When we are crashing, the crashing/primary CPU IPIs the secondaries to
turn off IRQs, go into real mode and wait in kexec_wait.  While this
is happening, the primary tears down all the MMU maps.  Unfortunately
the primary doesn't check to make sure the secondaries have entered
real mode before doing this.

On PHYP machines, the secondaries can take a long time shutting down
the IRQ controller as RTAS calls are need.  These RTAS calls need to
be serialised which resilts in the secondaries contending in
lock_rtas() and hence taking a long time to shut down.

We've hit this on large POWER7 machines, where some secondaries are
still waiting in lock_rtas(), when the primary tears down the HPTEs.

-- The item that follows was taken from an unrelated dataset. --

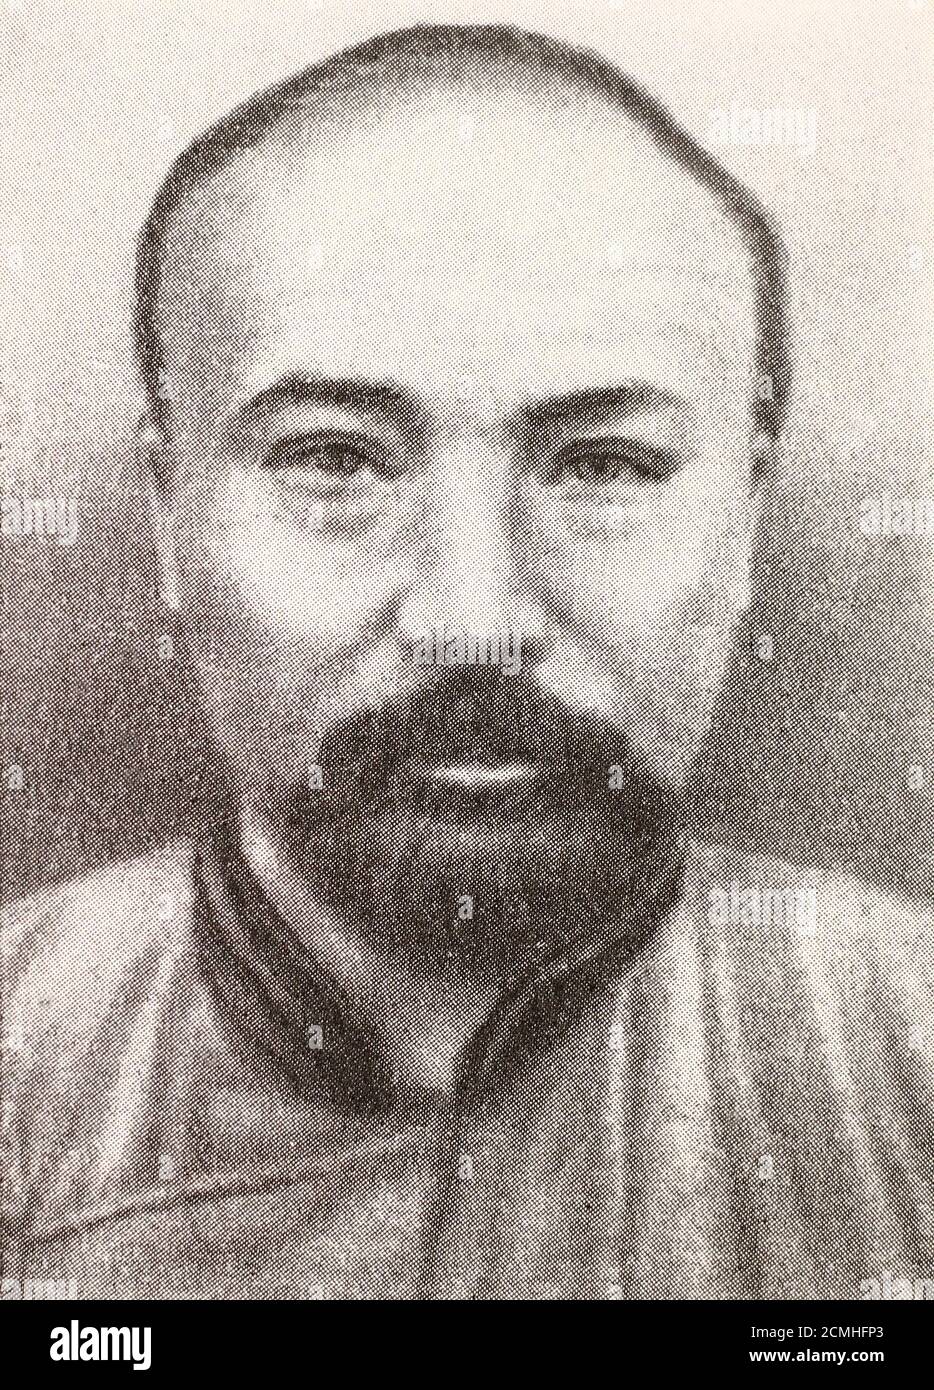 Li Dazhao (29 de octubre de 1889 – 28 de abril de 1927) fue un intelectual radical chino que desempeñó un papel clave en el Nuevo Movimiento Cultural en los primeros años de la República de China, que se estableció en 1912. Cofundó el Partido Comunista Chino (CPC) con Chen Duxiu y otros activistas comunistas tempranos en julio de 1921. Fue instrumental en la construcción de un frente unido entre la CPC y el Partido Nacionalista de Sun Yat-sen a principios de 1924. Durante la expedición del Norte, Li fue detenido y luego ejecutado por el señor de la guerra Zhang Zuolin en Beijing en 1927. Foto de stock

This patch makes sure all secondaries are in real mode before the
primary tears down the MMU.  It uses the new kexec_state entry in the
paca.  It times out if the secondaries don't reach real mode after
10sec.

Signed-off-by: Michael Neuling <mikey@neuling.org>
---

 arch/powerpc/kernel/crash.c |   28 ++++++++++++++++++++++++++++
 1 file changed, 28 insertions(+)

Index: linux-2.6-ozlabs/arch/powerpc/kernel/crash.c
===================================================================
--- linux-2.6-ozlabs.orig/arch/powerpc/kernel/crash.c
+++ linux-2.6-ozlabs/arch/powerpc/kernel/crash.c
@@ -162,6 +162,33 @@ static void crash_kexec_prepare_cpus(int
 	/* Leave the IPI callback set */
 }
 
+/* wait for all the CPUs to hit real mode but timeout if they don't come in */
+static void crash_kexec_wait_realmode(int cpu)
+{
+	unsigned int msecs;
+	int i;
+
+	/* check the others cpus are now down (via paca kexec_irqs_off == 1) */
+	msecs = 10000;
+	for (i=0; i < NR_CPUS && msecs > 0; i++) {
+		if (i == cpu)
+			continue;
+
+		while (paca[i].kexec_state < KEXEC_STATE_REAL_MODE) {
+			barrier();
+			if (!cpu_possible(i)) {
+				break;
+			}
+			if (!cpu_online(i)) {
+				break;
+			}
+			msecs--;
+			mdelay(1);
+		}
+	}
+	mb();
+}
+
 /*
  * This function will be called by secondary cpus or by kexec cpu
  * if soft-reset is activated to stop some CPUs.
@@ -419,6 +446,7 @@ void default_machine_crash_shutdown(stru
 	crash_kexec_prepare_cpus(crashing_cpu);
 	cpu_set(crashing_cpu, cpus_in_crash);
 	crash_kexec_stop_spus();
+	crash_kexec_wait_realmode(crashing_cpu);
 	if (ppc_md.kexec_cpu_down)
 		ppc_md.kexec_cpu_down(1, 0);
 }

^ permalink raw reply	[flat|nested] 8+ messages in thread

* [PATCH 1/2] powerpc, kexec: Fix race in kexec shutdown
  2010-05-14  3:57 ` [PATCH 1/2] powerpc, kexec: Fix race in kexec shutdown Michael Neuling
@ 2010-05-14  5:40   ` Michael Neuling
  2010-05-14  5:40   ` [PATCH 2/2] powerpc, kdump: Fix race in kdump shutdown Michael Neuling
  1 sibling, 0 replies; 8+ messages in thread
From: Michael Neuling @ 2010-05-14  5:40 UTC (permalink / raw)
  To: Benjamin Herrenschmidt; +Cc: linuxppc-dev, kexec, Anton Blanchard, jlarrew

In kexec_prepare_cpus, the primary CPU IPIs the secondary CPUs to
kexec_smp_down().  kexec_smp_down() calls kexec_smp_wait() which sets
the hw_cpu_id() to -1.  The primary does this while leaving IRQs on
which means the primary can take a timer interrupt which can lead to
the IPIing one of the secondary CPUs (say, for a scheduler re-balance)
but since the secondary CPU now has a hw_cpu_id = -1, we IPI CPU
-1... Kaboom!

We are hitting this case regularly on POWER7 machines.  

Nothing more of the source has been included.